To expect responsibility from the Ministry of Culture or the
commissioner is in vain since, according to Karoyan, they are
“inexperienced” in the organization of the Pavilion or dealing with
the contemporary art scene. But also, Arevshatyan’s and Karoyan’s
decision at the time of Azatyan’s withdrawal to carry on with
the project and “save” it, arguably, did not allow the official
institutions and their actors to realize their share of responsibility
and gain “experience.” In this situation, the whole responsibility
by default lies with the curators whose most important task (apart
from playing cultural politics with public institutions and their
private appointees) is to closely engage with an artist’s practice and
provide the best possible conditions for the production of the work and
subsequently, the exhibition. This is possible only when the artist’s
practice appears at the center of the project. Within our specific
economy and distribution of resources, it is the curator’s task to
enable the artist as much as possible to become the main economic
subject as well as the subject of aesthetic decisions. The curator’s
task is not so much the mediation and translation between the art
work and its publics (only those works need “medical hermeneutics,”

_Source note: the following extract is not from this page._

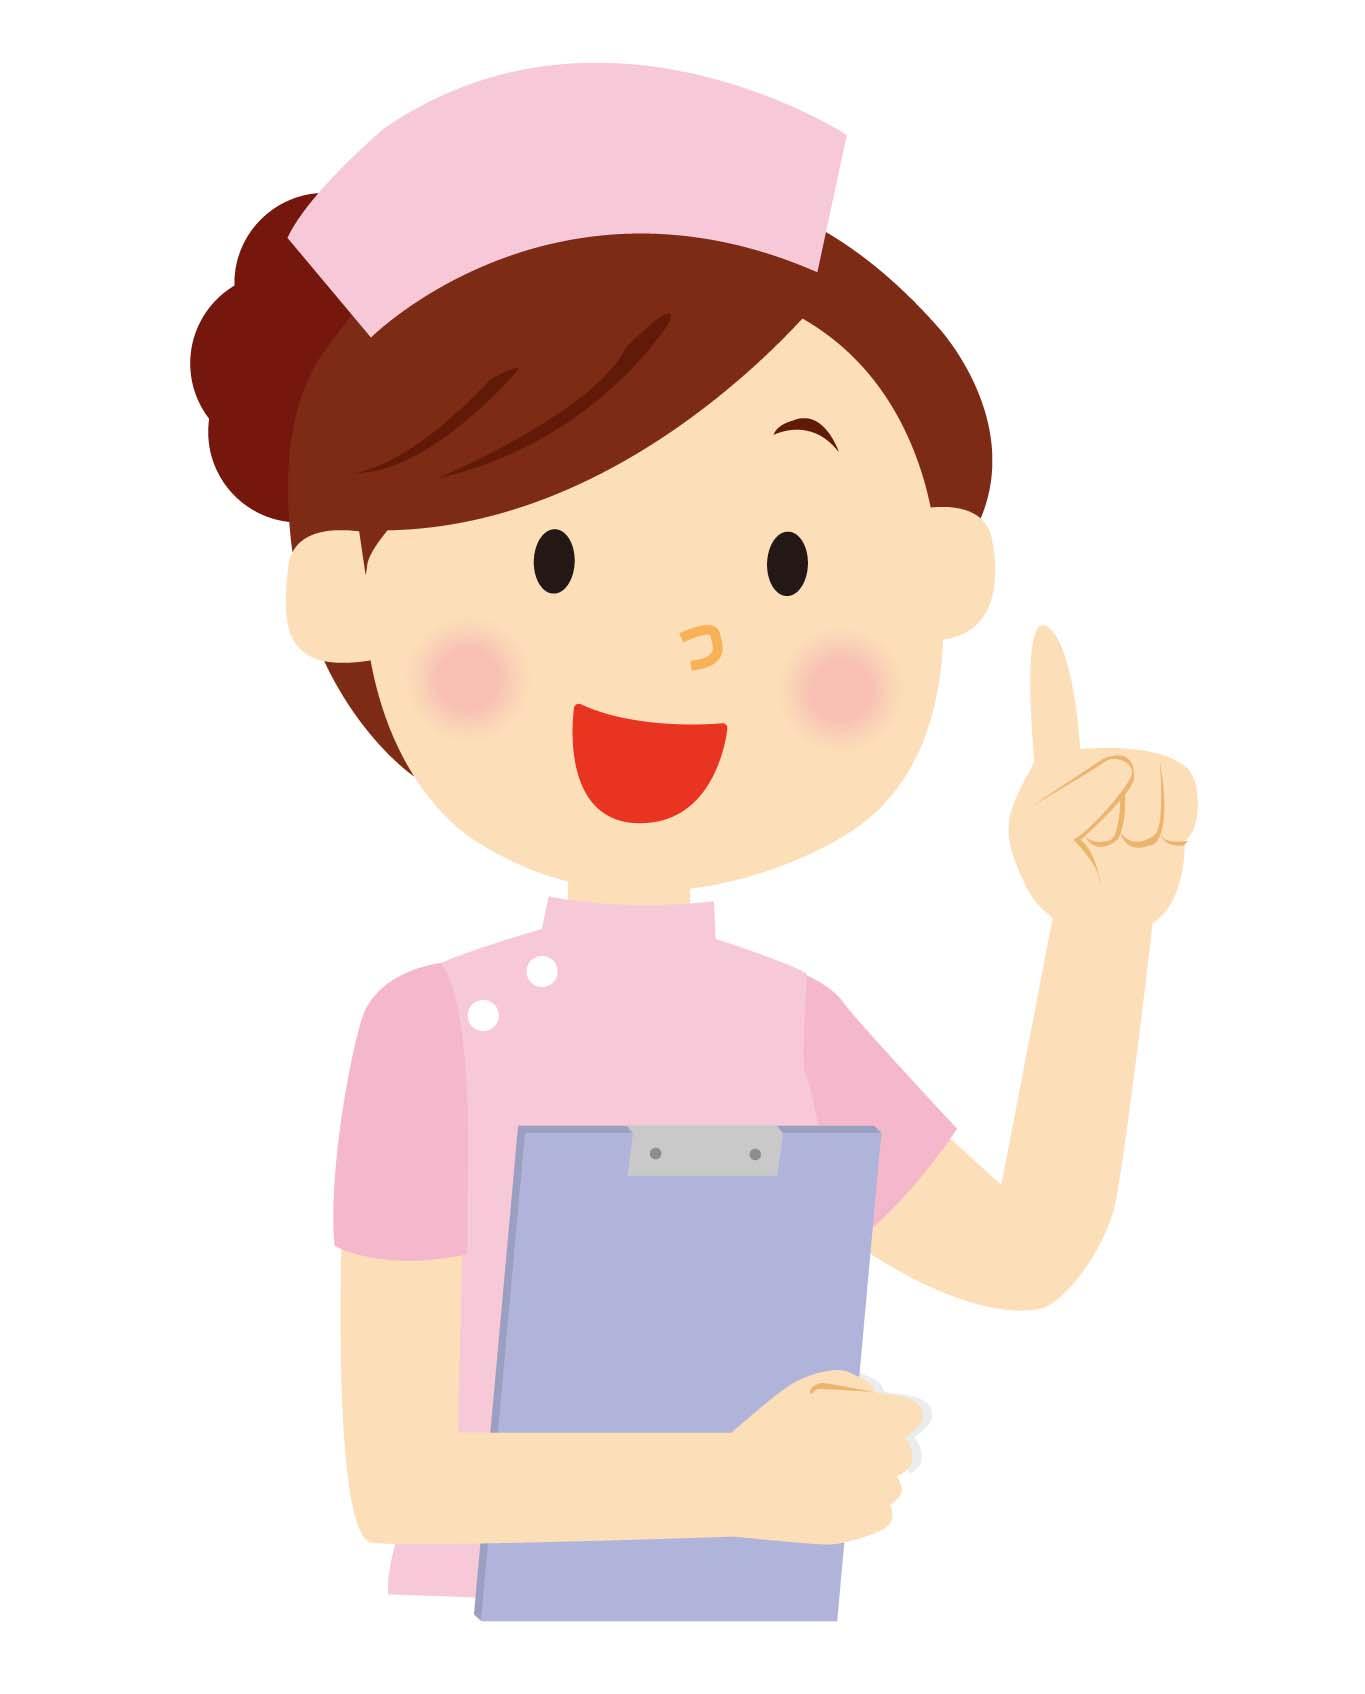 泌尿器科の看護師業務について【求人需要は男性看護師が多い?】

if we borrow Boris Groys’ term, that need to be “saved”). Neither is
it the desire to slice a bigger pie of art’s symbolic economy, but to
be attentive and serious about the most trivial of administrative,
organizational and formal details – starting from the artist’s
accommodation to the preparation of the press release.
Finally, it is the curator’s task to work with the artist, and not
at the expense of the artist. It is only then we can celebrate the
representational success of the Pavilion when the experience of its
organization results in an impact in the local cultural policy. The
participation in the world’s oldest and most prestigious Biennale
certainly involves a branding operation and carries with it cultural
capital that can translate into the local cultural politics. This
involves a changed attitude towards the artist’s practice, a demand
from public institutions to provide access to its resources for the
producers of contemporary art and its discourses as well as active
involvement in the dominant politics of representation.
When the artist’s experience with the Biennale ironically becomes
identical to the content of her work (a manual of how-to-do with
the per diem and accommodation and how to construct a laborious
installation out of nothing) and turns into a strategy and tactic
of survival, then we can easily conclude that the cultural politics
of the Pavilion have failed, even if the representation of the event
has succeeded.
All photos property of and provided by the artists.